Incidentally, I notice that the block windows come from the destination, not the sources. This is conjecture, but is it possible that blocks in the destination don’t line up with blocks in the sources? Could we be trying to do a read that happens to be very inefficient?

1 Like

Well, I’ve figured out something new: this problem has something to do with GDAL’s block caching mechanism. Specifically, increasing the cache size manually causes it to take longer to hang (with a corresponding spike in memory usage). Similarly, by reducing the cache size, you can get it to hang quickly. I still don’t know why this would happen, though, unless GDAL’s eviction algorithm is agonizingly slow. Since it’s accessing blocks one-by-one in a regular pattern, it seems like it should have no trouble purging old blocks. In fact, it seems like it should be accessing every block exactly once, such that caching should provide no benefit at all.

1 Like

Do you know for sure if this is the case? If so, I know Even Roualt would absolutely love having some assistance keeping GDAL fixed up and would welcome a PR, or even just a really detailed/technical issue report.

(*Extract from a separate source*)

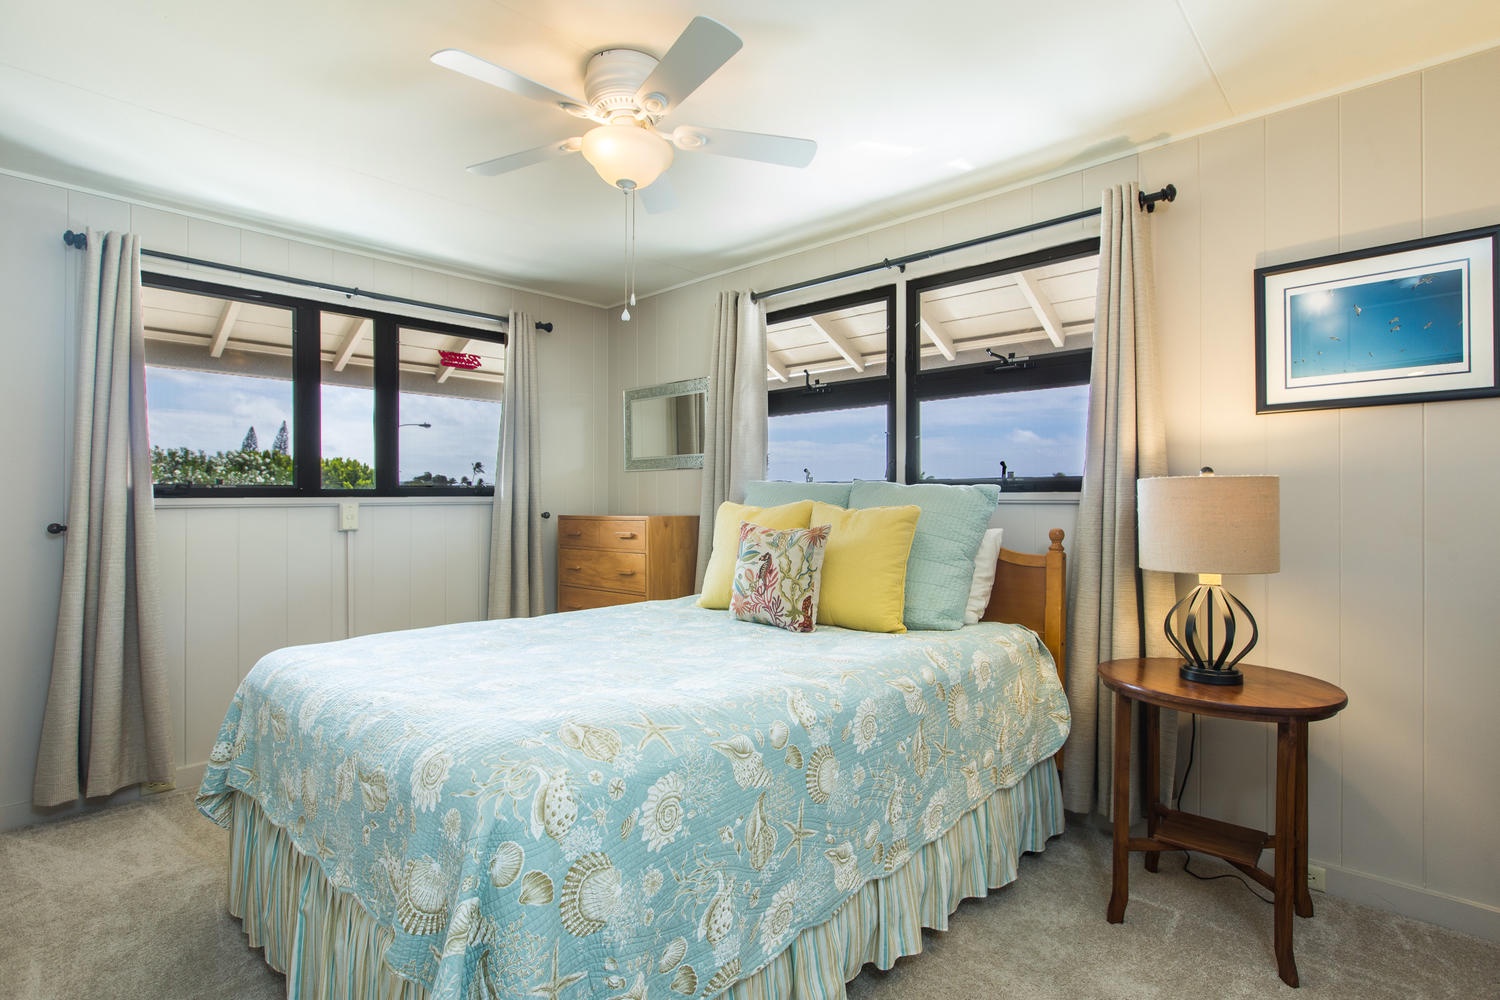 Honolulu Vacation Rentals, Hale Poola - Bedroom two, with queen bed and shared bath.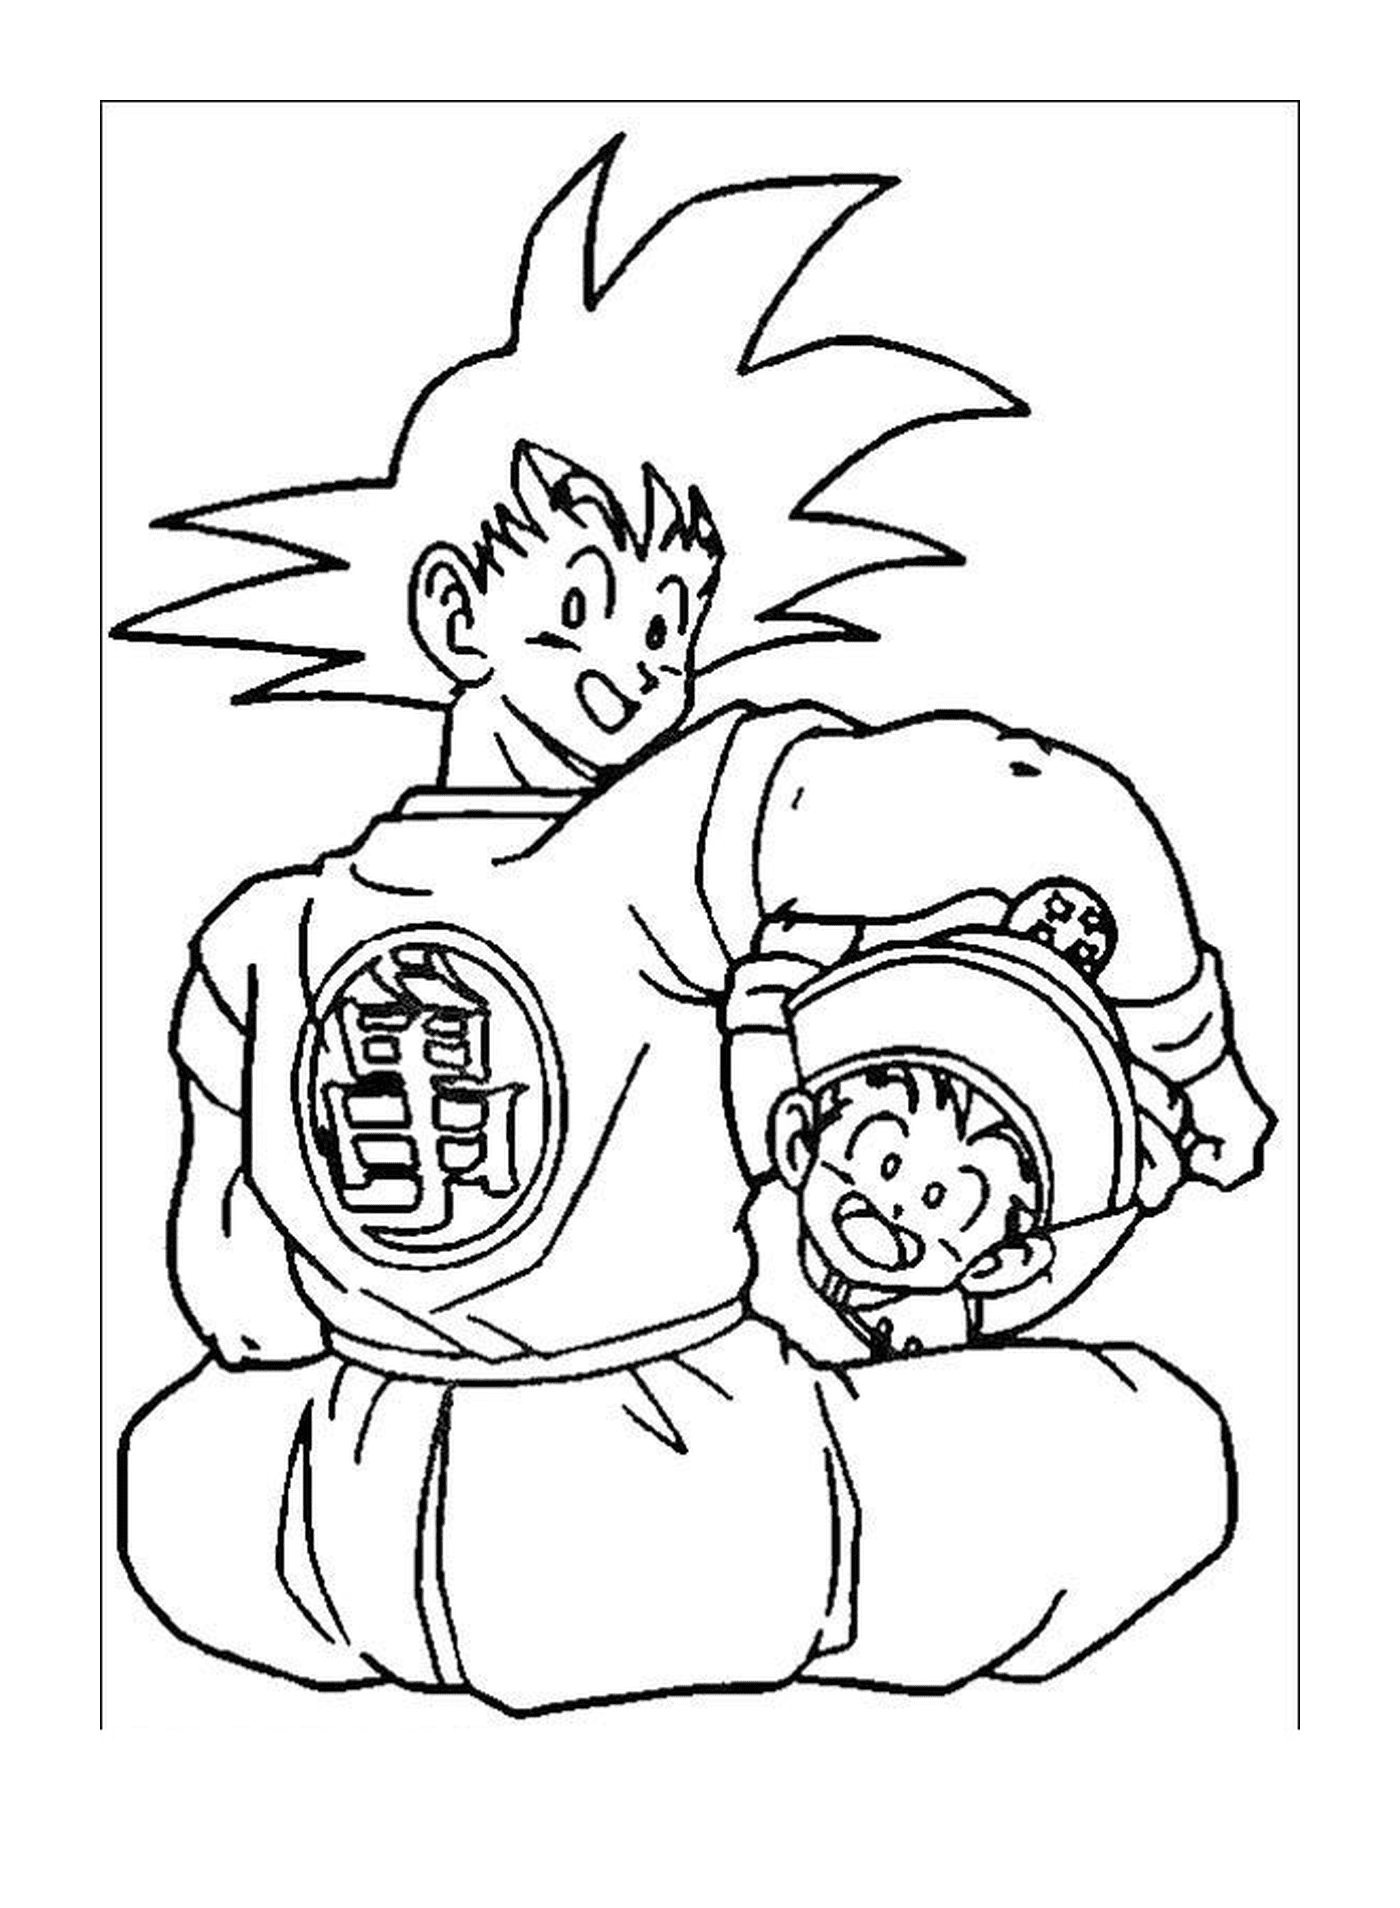  Goku with his son and a monkey

I’m working on gathering more info on this.

Right now, I see the main obstacle as a lack of reproducibility. If others were chiming in saying that they had this problem, then I think we would be in a better place. As of now, it appears to be just me, and I don’t think I’m doing anything that strange, which makes me suspicious.

1 Like

Here’s something you might find interesting:

The same problem manifests with rio-merge-rgba, which the ODM code is apparently based on. In fact, just to confirm that I’m not crazy, I’ve uploaded three of the orthophotos that it’s trying to merge to the Google Drive folder. Try merging them with rio-merge-rgba, or even merging any two of them, and you should see it hang.

1 Like

Does RIO link into GDAL as well?

Yeah, it uses rasterio, which relies on GDAL internally.

1 Like

After merging the failed orthophotos manually with QGIS, I noticed that they were not georeferenced correctly, causing the result to not be aligned. This was because I didn’t have enough GCPs in each split. I re-ran without GCPs (--force-gps), and interestingly, the merge had no problem this time, even though my GPS is not very accurate and the orthophotos were not perfectly aligned. So I think this issue is an edge-case that manifests with very “weird” orthophotos. If someone else who is encountering this happens upon this thread, I suggest they take a look at the orthophotos from the submodels and make sure they look correct and are properly georeferenced.

I’d still like to understand why this happens, but it is no longer as urgent.

2 Likes

This topic was automatically closed 30 days after the last reply. New replies are no longer allowed.